Rolando Villazón va bien, merci. Que ses admirateurs soient rassurés : les oiseaux de mauvais augure qui prédisaient au chanteur franco-mexicain une fin de carrière imminente se sont trompés. Il est apparu hier sur la scène de la salle Pleyel dans une forme renouvelée, comme s’il n’avait jamais été contraint par divers problèmes vocaux de mettre la pédale douce. La voix a conservé son velours sombre. Cette couleur caractéristique, si elle évoque moins qu’autrefois Domingo, continue de communiquer un frisson immédiat. Dès le premier air d’ailleurs, le public applaudit son ténor retrouvé avec une ferveur intacte. « La mia letizia infondere » est balancé comme un brindisi. Qu’importe. Le chant de Rolando Villazón est à son image : expansif, enthousiaste, tout d’un bloc. Que celui qui ne goûte pas sa générosité passe son chemin. Ainsi, les numéros se succèdent, attaqués avec la même flamme, embrassés avec la même passion, agités de la même fièvre, comme si le sort du monde à chaque fois en dépendait. Impossible de tenir une telle cadence. De larges plages orchestrales offrent heureusement au ténor un indispensable repos. Dirigé par Guerassim Voronkov, le Czech National Symphony Orchestra remplit alors dignement son office. Seule la complexité du rare prélude d’Otello désorganise les éléments. Dans l’ouverture d’I Masnadieri, le premier violoncelle, Martin Havelik, montre autant de résolution que le héros de la soirée.
Malgré tout, la fatigue commence à faire son ouvrage. Peu à peu, la ligne se distend, les voyelles s’ouvrent exagérément, les reprises de souffle se font bruyantes, la puissance s’amenuise. Mais rien n’entame la véhémence du ténor, comme si, nouvel Icare, il cherchait à repousser encore ses limites. A le voir ainsi se donner sans compter, on se prend à guetter dans le programme les passages qui lui (et nous) offriront un moment de répit. En vain. Même lorsque les mots et la musique l’y autorisent, Rolando Villazón ne desserre pas son étreinte expressive. C’est avec des accents uniformémement dramatiques que s’expriment le désespoir de Corrado, la jalousie de Rodolfo, le remords de Riccardo, la douleur de Macduff. Pourtant, le « perdono aprir » qui conclut « Ah, la paterna mano » a davantage d’impact quand il est murmuré. Rolando y pense puis la deuxième fois, pris dans le feu de l’action, oublie.

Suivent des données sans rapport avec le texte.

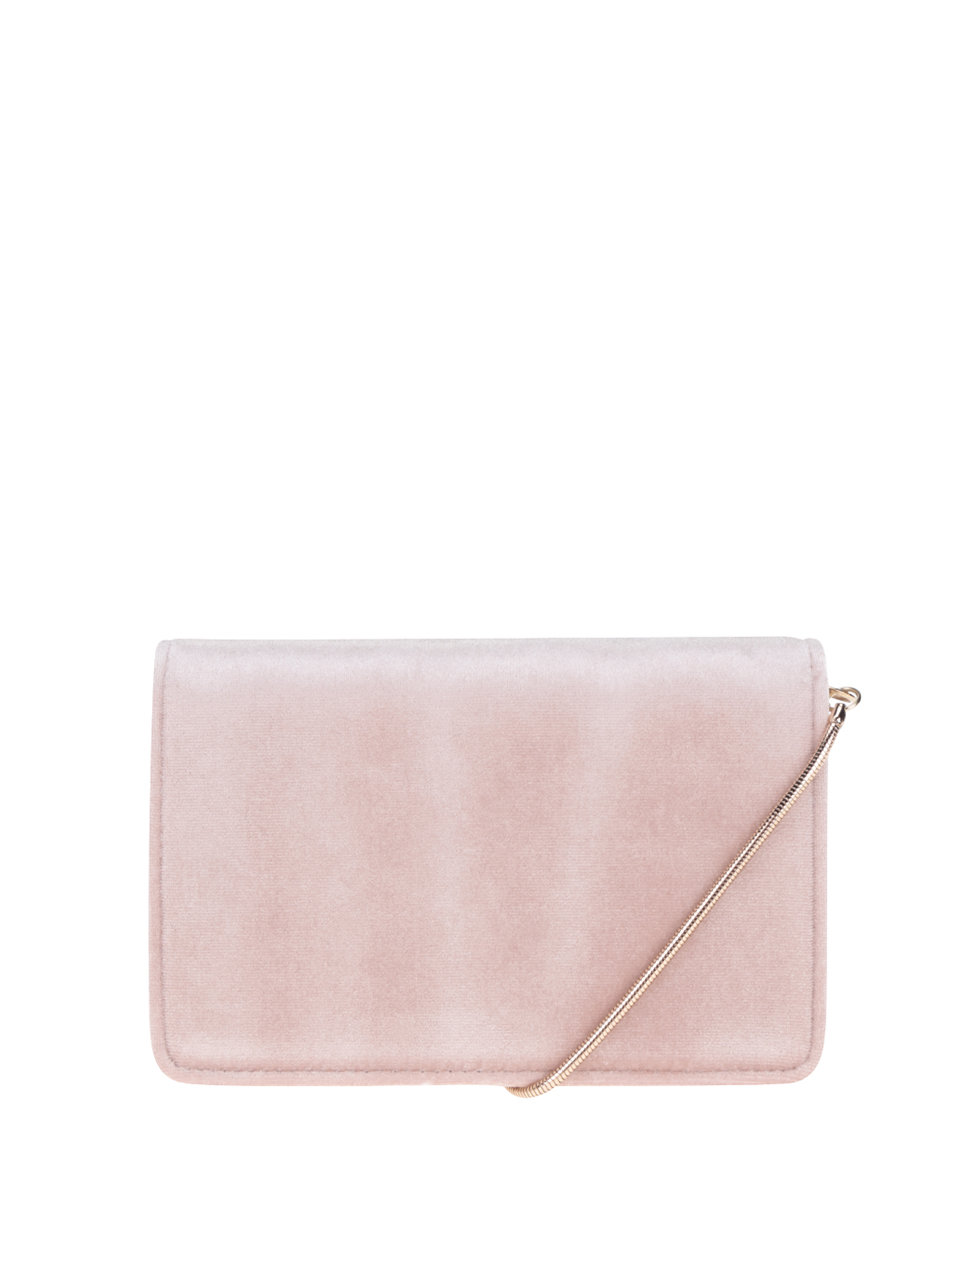 6d867153eb Ružová listová kabelka Miss Selfridge ...

Moins connues, les deux mélodies qui referment le récital, « Deh, pietoso, oh Addorata » et « L’esule », n’en sont pas moins impitoyables. Orchestrées par Luciano Berio, elles offrent une palette d’émotions aussi vaste qu’un air d’opéra et demandent autant d’investissement vocal. Le ténor y consume ses dernières cartouches. Une partie du public, reconnaissante, se lève. « Merci à toi » crie une spectatrice au dixième rang d’orchestre. « Merci à vous » répond le chanteur en balayant d’un bras toute la salle. Suivent deux bis que l’on suppose appartenir au même cycle de romances. « Cette composition… a été composée par Verdi », annonce Villazón avant de s’esclaffer : « c’est de l’humour ! ». Toujours facétieux, il revient une chope de bière à la main entonner un ultime brindisi puis prend par le bras la plus jolie des violonistes pour regagner définitivement la coulisse, le sourire aux lèvres. Comment ne pas être gagné par tant de bonne humeur.